On the other hand, this really is mere kvetching, for the United States is, in most ways, a better country than when I was born in 1955. The obvious: an integrated society where racism and bigotry, while still prevalent, has dwindled to where it’s the exception rather than the rule. In 1972, my father, unaware, like most Americans, of dangerous eating habits and the impact of genetics on one’s health, died of a heart attack. This was a time when heart surgery was in its very infancy, and bypasses—routine today—were unheard of. Like other men and women in my age bracket, I lined up for sugar cubes in the early 1960s to prevent polio, and participated in air raid drills at elementary school. Before the computer/Internet age, I re-typed term papers and newspaper articles and used white-out; I did research at now-forgotten institutions called libraries. I don’t care for the profane taping of crime that shows up YouTube (such as the beating of a Baltimore tourist that Noonan describes), but I sure like seeing clips of, say, Nina Simone singing “Feelin’ Good” or a long-forgotten performance by the Hollies on the show Shindig.

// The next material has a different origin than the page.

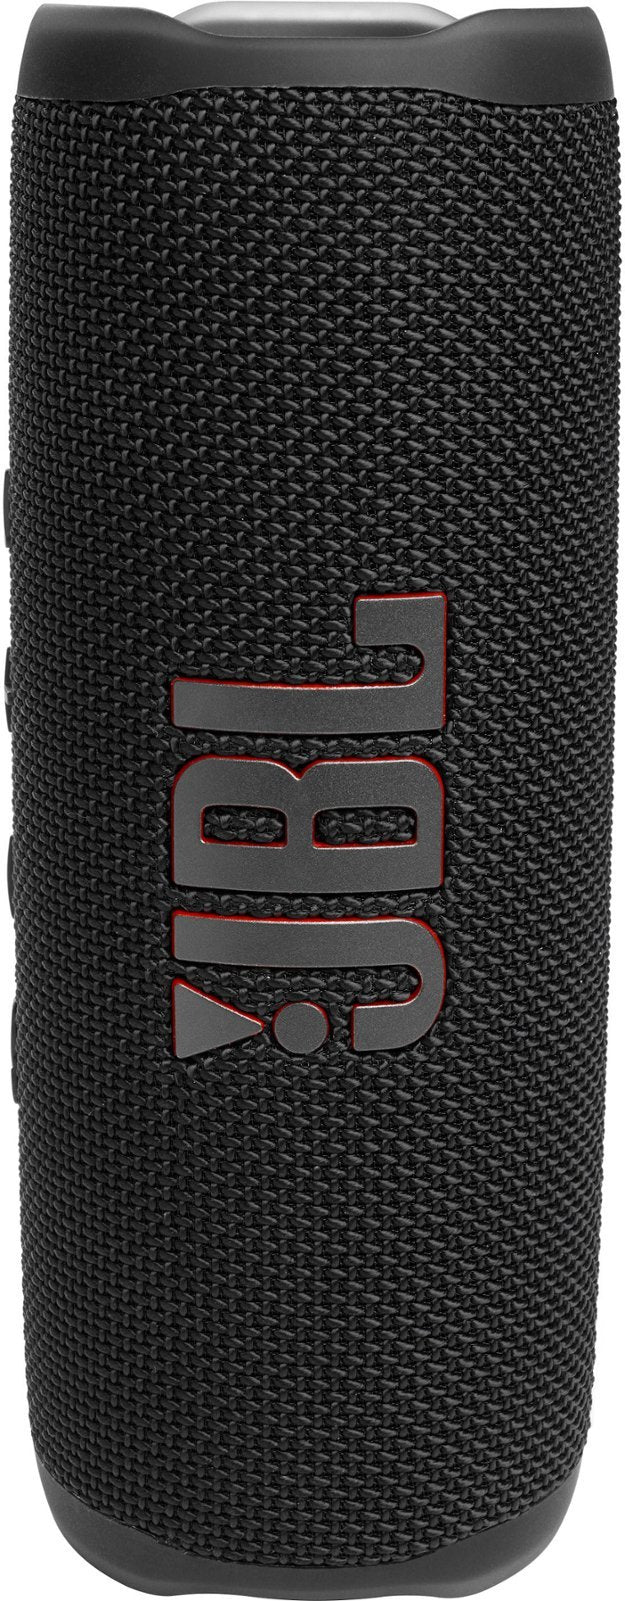 JBL FLIP 6 Portable Wireless Bluetooth Speaker IP67 Waterproof - CS - Black (Certified Refurbished)

After reading, and re-reading, Noonan’s column, I wondered what my 19-year-old son’s reaction would be. Surprisingly, at least to me, he said: “Great article. I think the comforts kids had from the 1980s onward—toys, candy, fast food, video games, television—combined with overly permissive and protective parenting and teaching, was counter-productive. And a government that asks nothing from citizens but their money. After 9/11, people were told not to think about it and go shopping like children.”
Perhaps this could be interpreted as a “the child is father of the man” moment, but I’ll stick to my own theory. After all, the constant in American society is the desire for employment, opportunity, and personal security. Popular culture, some of it ephemeral, some of it enduring, matters less to people than a sense of contentment. As for “character,” I’d prefer, no doubt like Peggy Noonan, that men and women didn’t dress like slobs at church and restaurants or yell obscenities at the ballpark, but let’s not kid ourselves: callous behavior wasn’t invented in the 21st century.